### INSTRUCTIONS TO FOLLOW
Your answer must be an exact copy of the listing that follows, with all pictures omitted.
START INPUT DATA
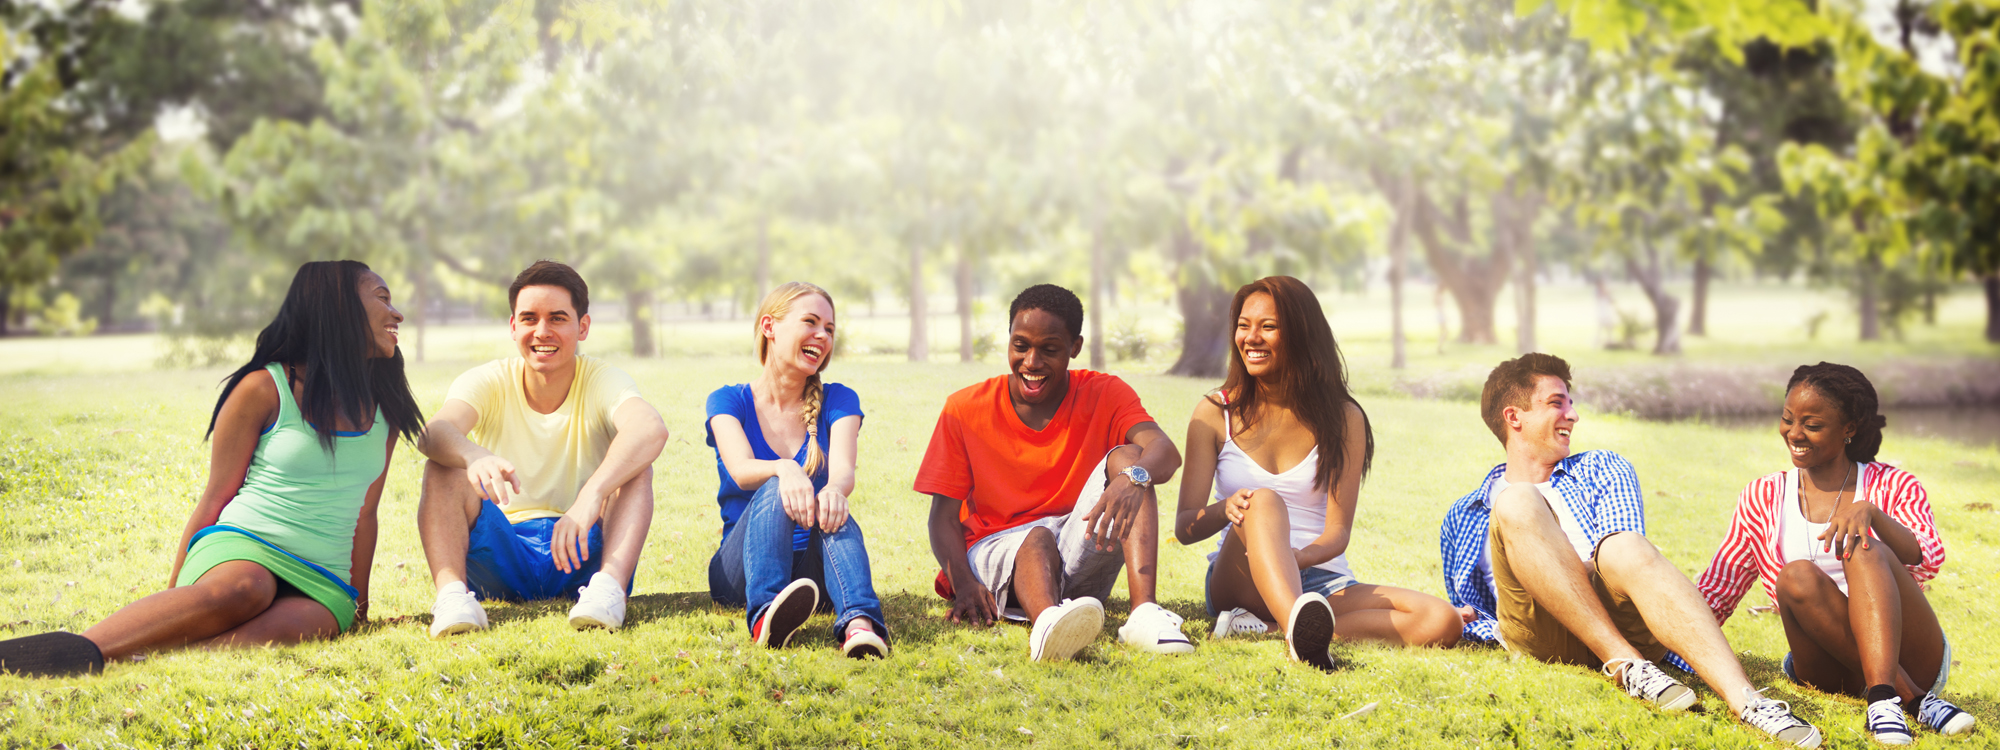 What Teenagers Want - By Pam Lidford
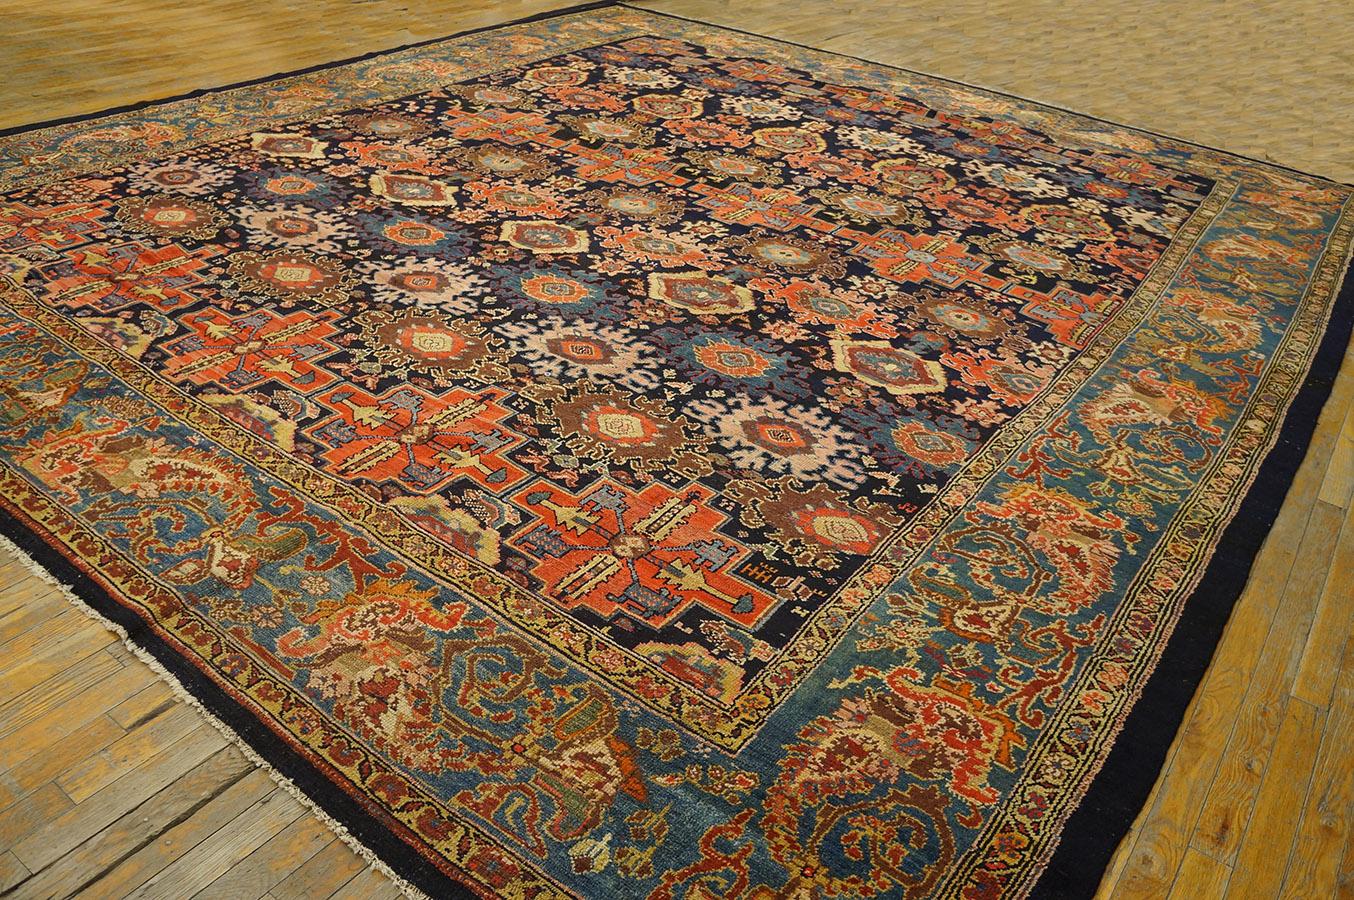 Hand-Knotted 19th Century Persian Malayer Carpet ( 12' x 13'9
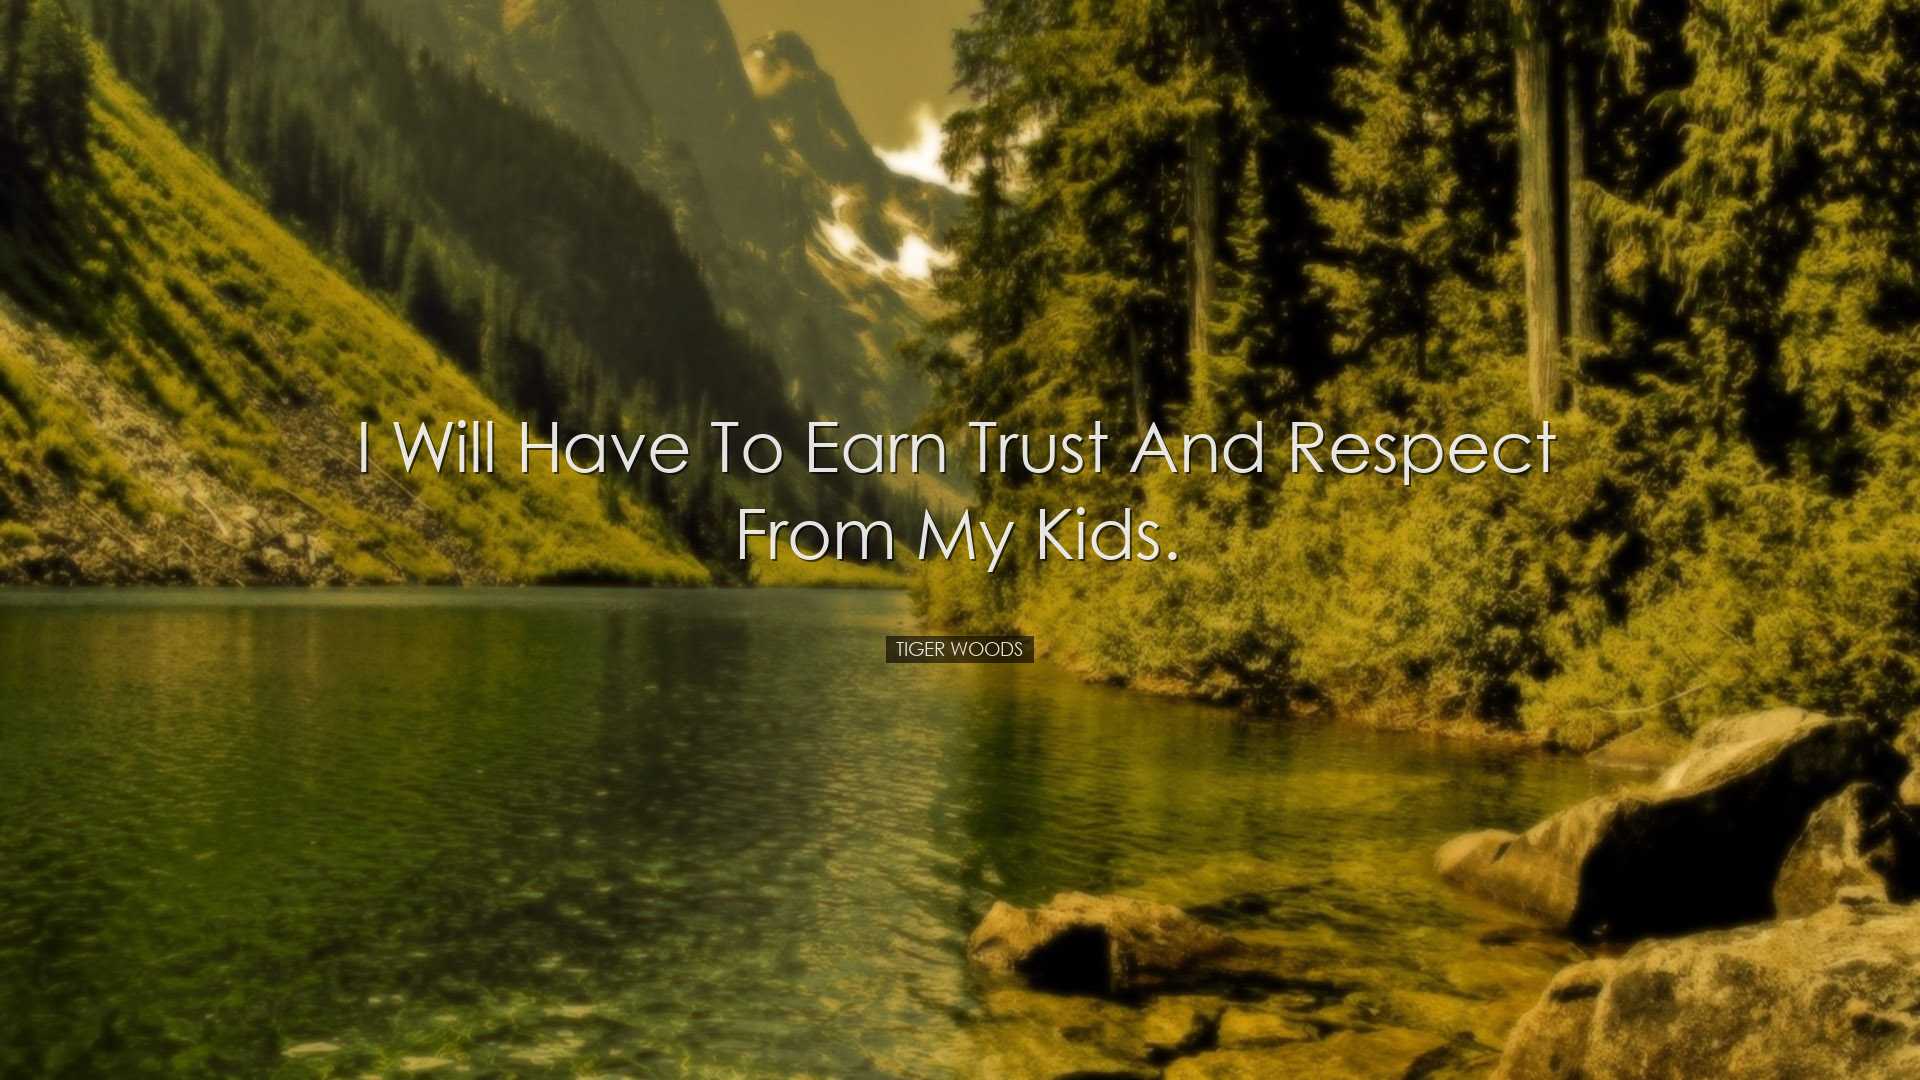 I will have to earn trust and respect from my kids. - Tiger Woods
END INPUT DATA
### RESPONSE AREA
 What Teenagers Want - By Pam Lidford
 Hand-Knotted 19th Century Persian Malayer Carpet ( 12' x 13'9
 I will have to earn trust and respect from my kids. - Tiger Woods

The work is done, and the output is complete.